Ever occur that people have different opinions. Saw your same type of post on MSDucks awhile back. Sell it, I'm sure someone will buy it. I'm not defending Avery, I used mine and it worked well for me in the setting I had. Sorry, yours didn't work well for you.

Jeff


----------



## GulfCoast (Sep 24, 2007)

mallarddrake said:


> WME ive seen your other post and you sound like one of those now it all type of guys. More like Avery wouldnt give you a shot to be one of their prostaffs and your just downing all of their gear to make up for it. I bet you got picked on in school and the only way to feel tuff is on a forum. I wasnt trying to start an arguement, I just think it is funny how you have never had or want a stand but your going to down a product over what everyone else was saying. So you just keep being tuff you tuff guy you and keeps us up to date on how your good at everything and how you now it all.

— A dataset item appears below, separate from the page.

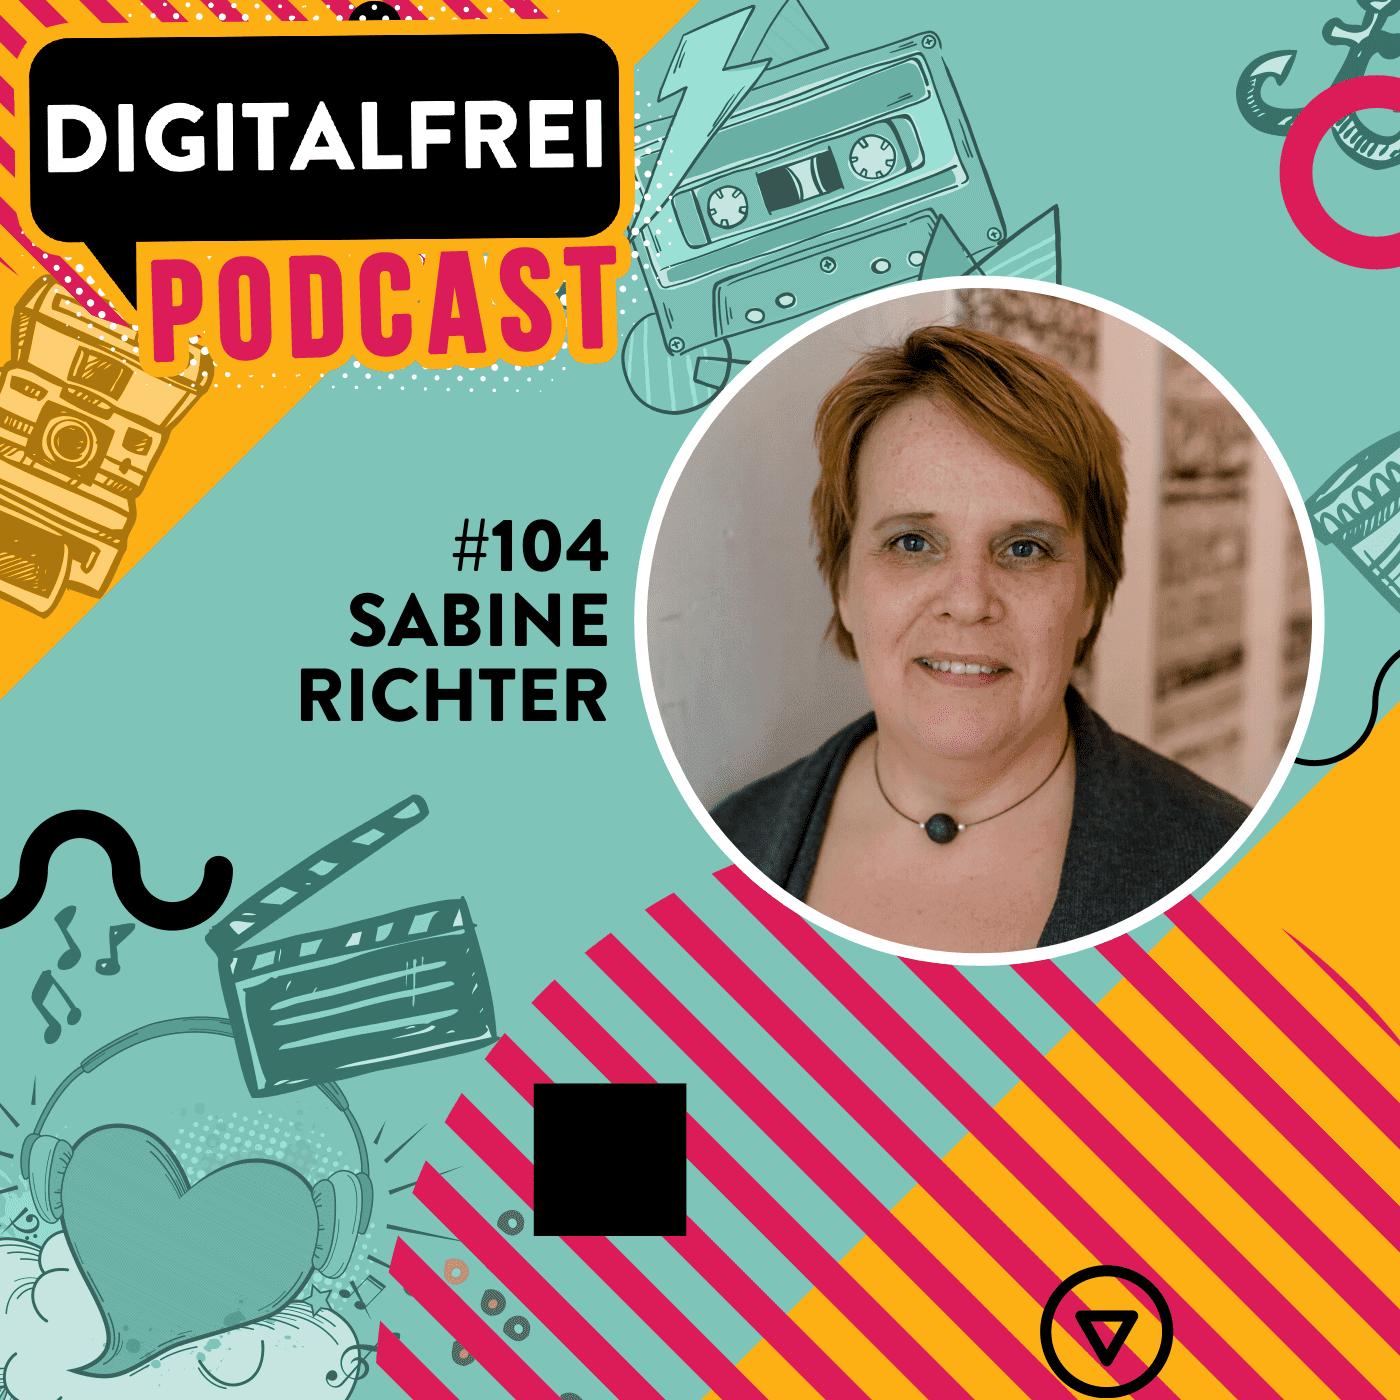 Sabine Richter im Digitalfrei Podcast mit Sascha Feldmann

You are priceless. If you think its funny that I have never "had or want a stand but your going to down a product over what everyone else was saying" you must not have seen the picture of my ruff stand posted above. So I guess I do own one, Einstein. 'Course it would take a lot of effort for you to have actually READ the thread before popping off. And no, I most assuredly did NOT get picked on in school.


----------



## GulfCoast (Sep 24, 2007)

bayou beagle said:


> Hey WME,
> 
> Ever occur that people have different opinions. Saw your same type of post on MSDucks awhile back. Sell it, I'm sure someone will buy it. I'm not defending Avery, I used mine and it worked well for me in the setting I had. Sorry, yours didn't work well for you.
> 
> Jeff



Thanks Jeff. I realize folks can have different opinions. Some folks opinions carry more weight than others. I have one still NIB if someone wants one. I have already sold my other one. I have gone back to chain-ons. 

Regards,
WME


----------



## mallarddrake (Mar 20, 2008)

Ok I saw your picture, I still thinks its funny how your taking this seriously and that you have to talk down to people. But Im guess that is just the way you are and I can kind of tell by looking at the picture. That your dog is probably more mature then the guy next to him(oh thats you). Any ways Im tired of talking about this you have your opinion and I have mine. So lets just leave it at that. You can have the last word or whatever you want to say.


----------